▸ **DATASET EXTRACT**
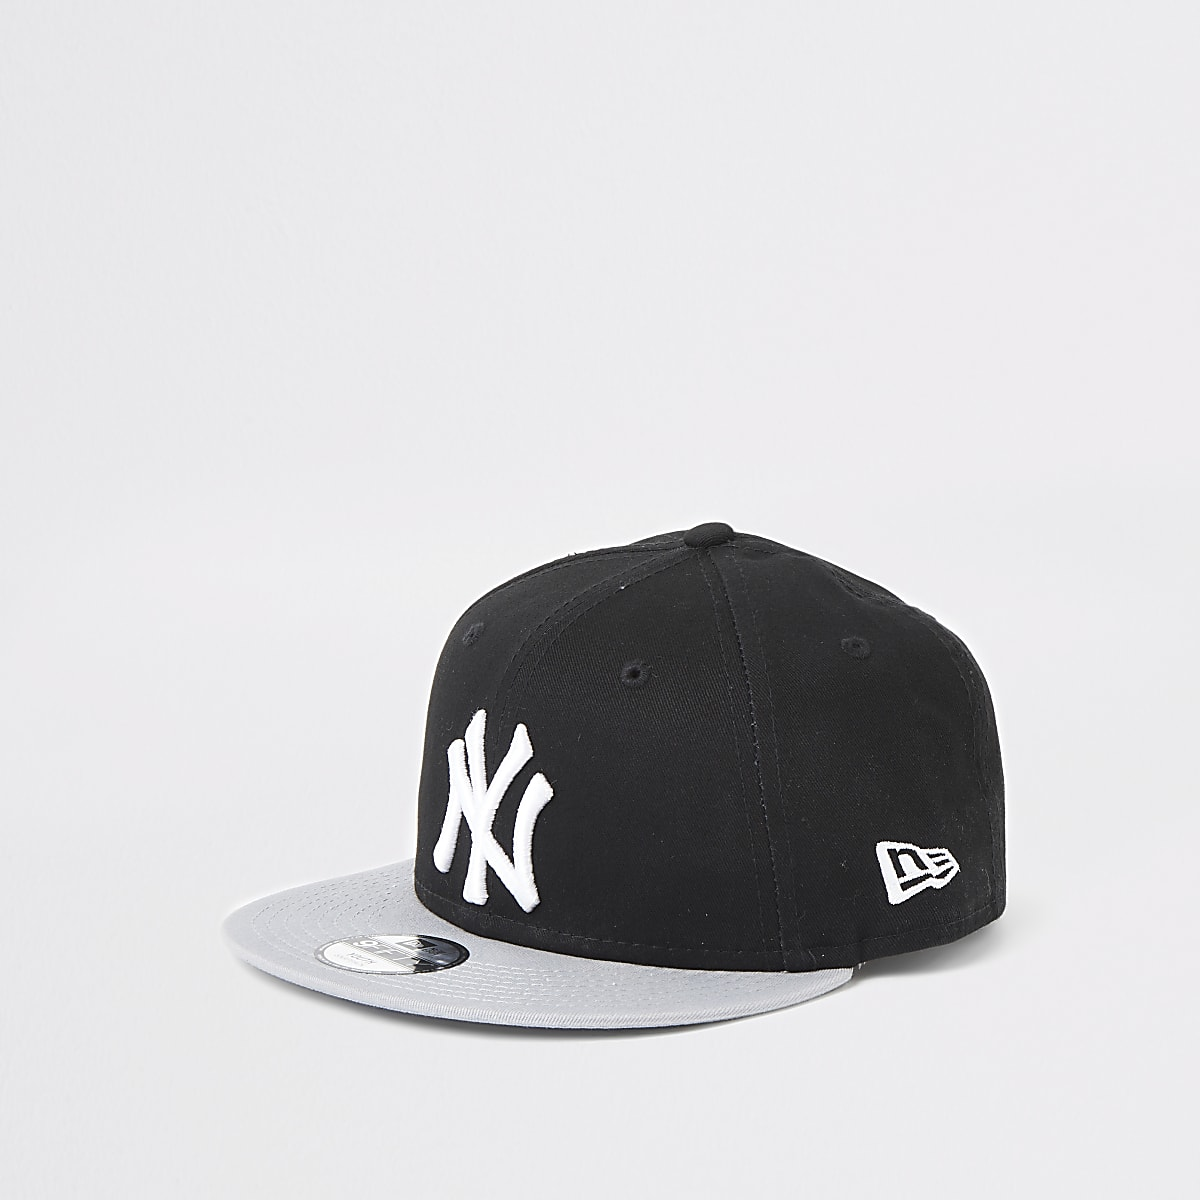 New Era – Schwarze Kappe
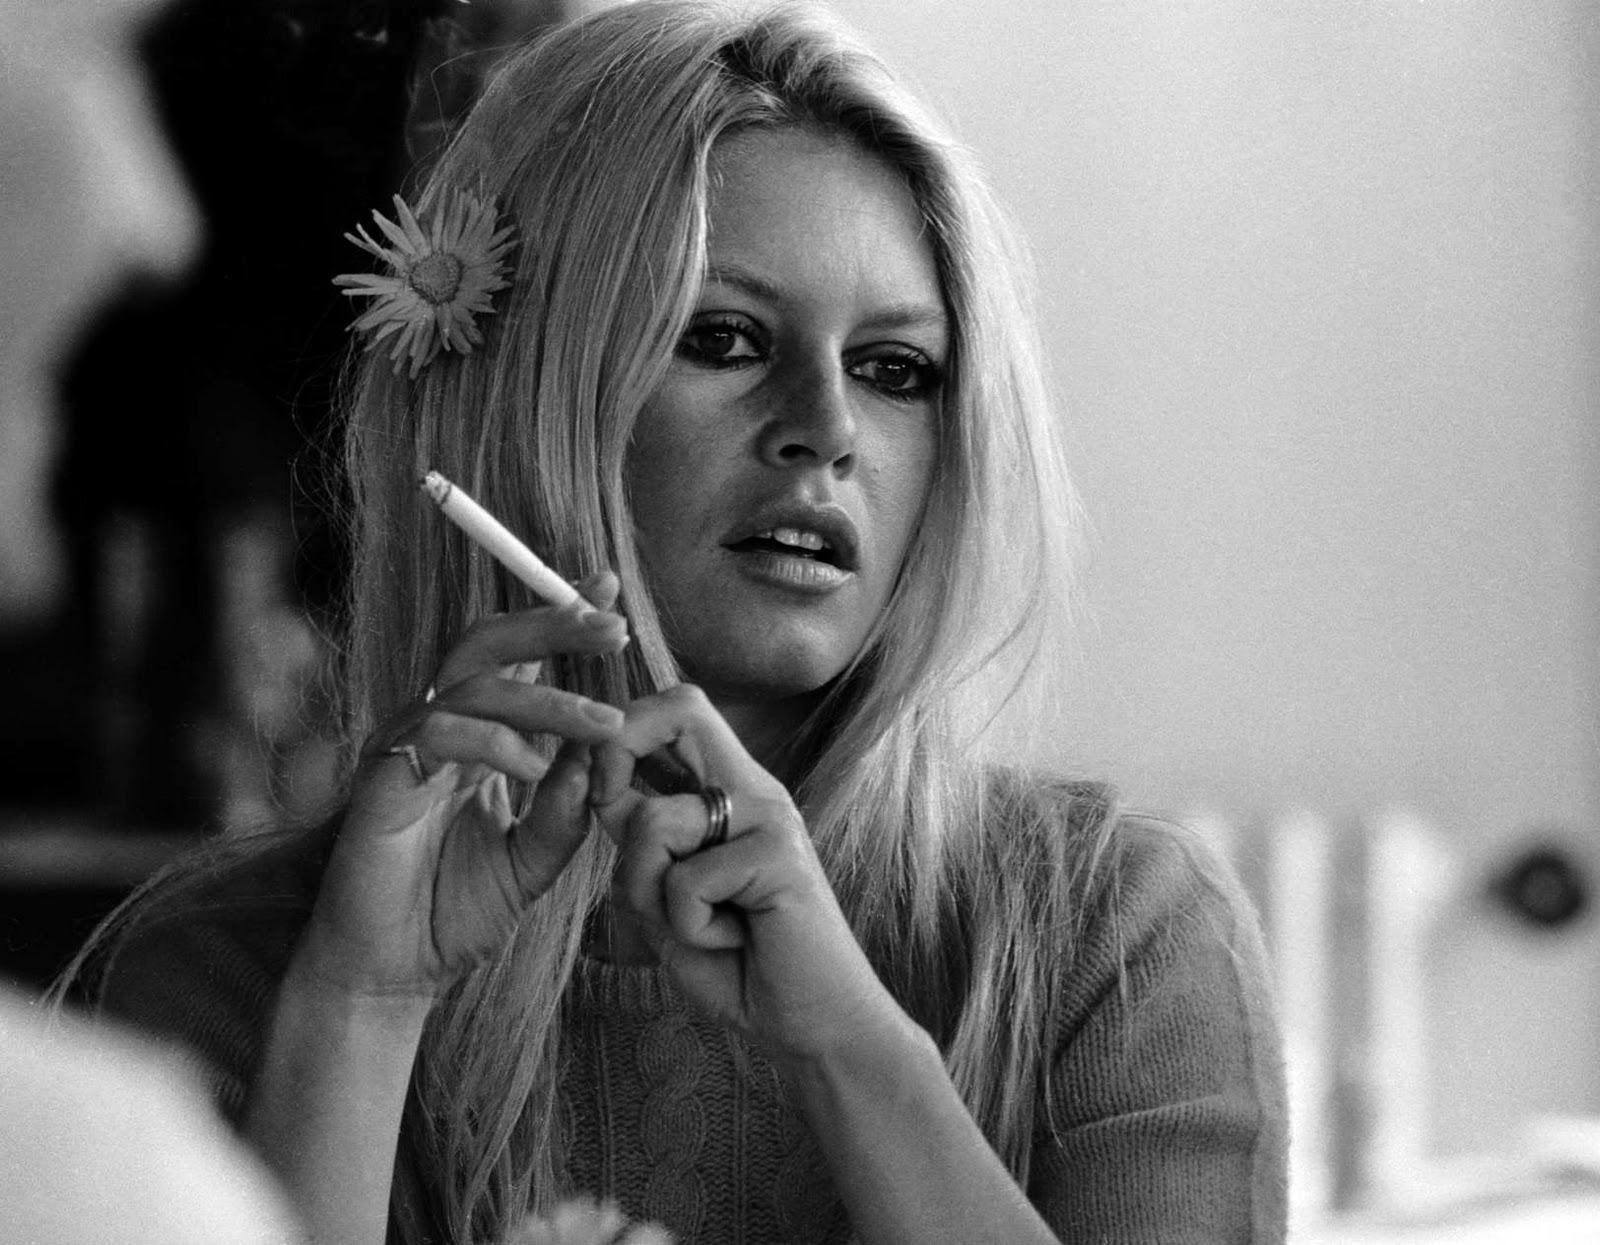 http://3.bp.blogspot.com/-oPfZrmKKi04/Tt05jLyVmQI/AAAAAAAAAz8/CW1BwgRDf9Y/s1600/Brigitte-Bardot-2.jpg
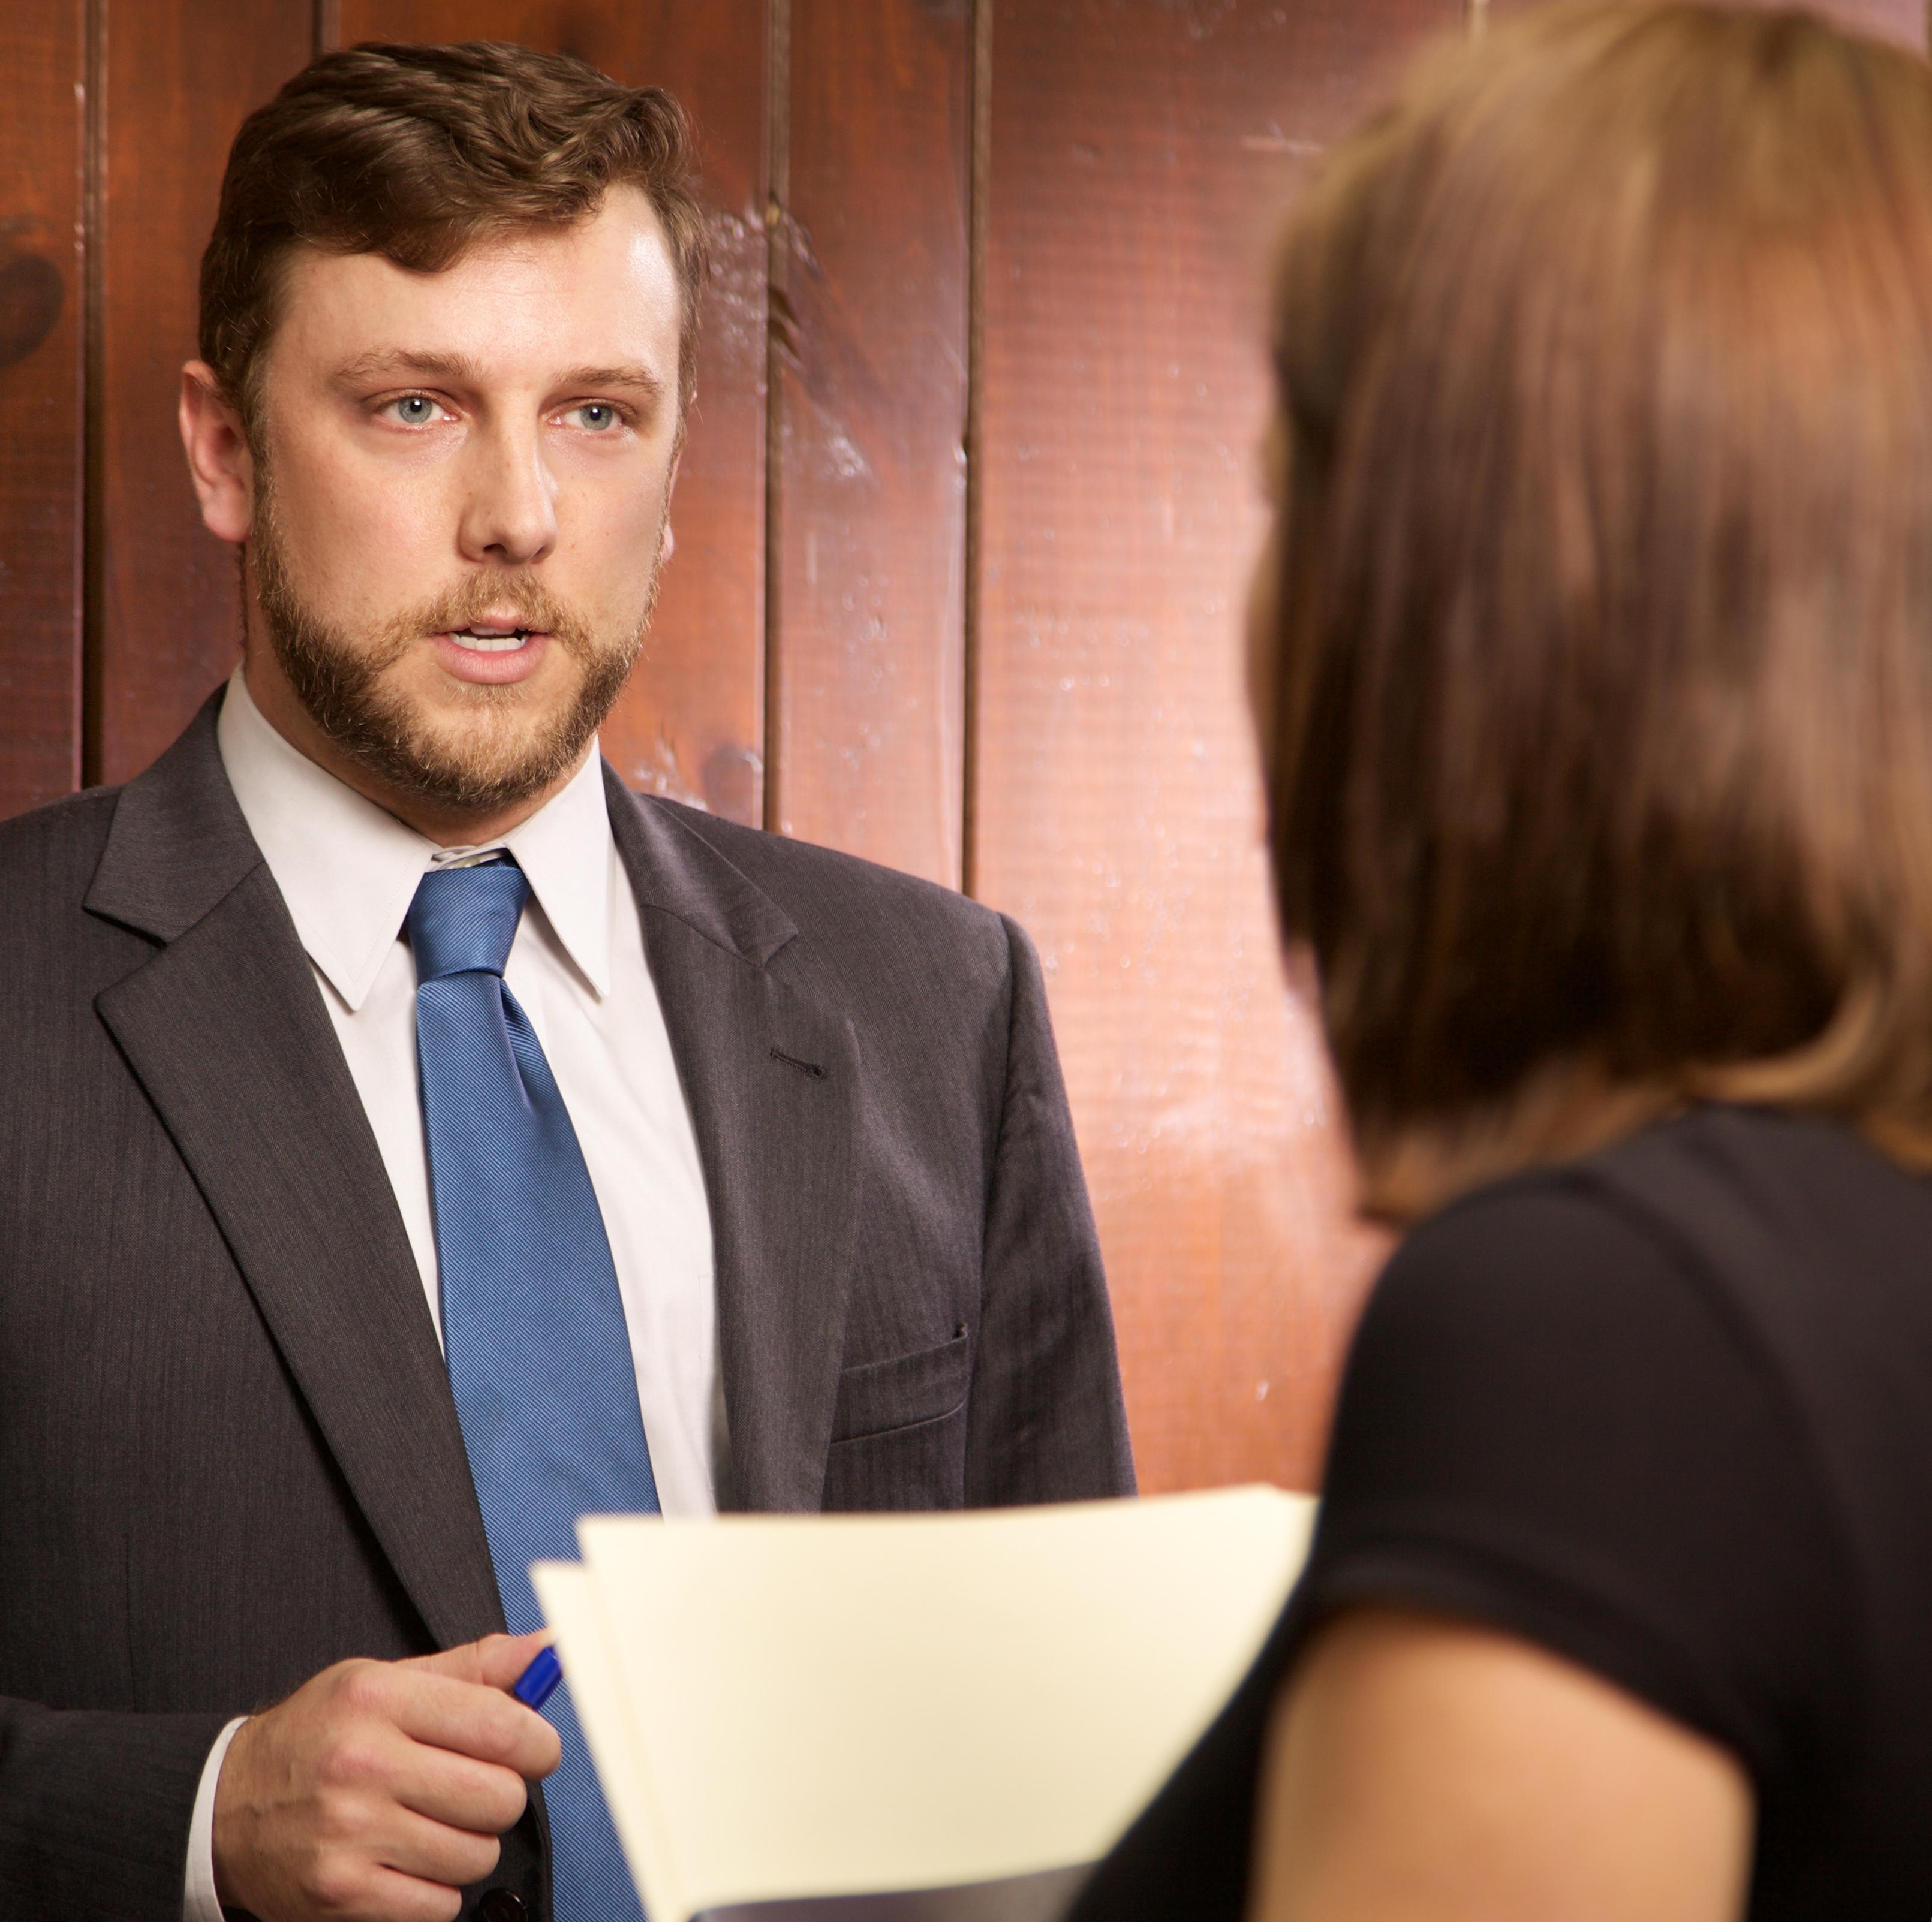 McLeod Fraser & Cone | Walterboro Lawyer image 4

▸ **EXERCISE DIRECTIONS**
All of the lines above should be printed exactly, minus the pictures.

▸ **RESULT FOR THIS TASK**
 New Era – Schwarze Kappe
 http://3.bp.blogspot.com/-oPfZrmKKi04/Tt05jLyVmQI/AAAAAAAAAz8/CW1BwgRDf9Y/s1600/Brigitte-Bardot-2.jpg
 McLeod Fraser & Cone | Walterboro Lawyer image 4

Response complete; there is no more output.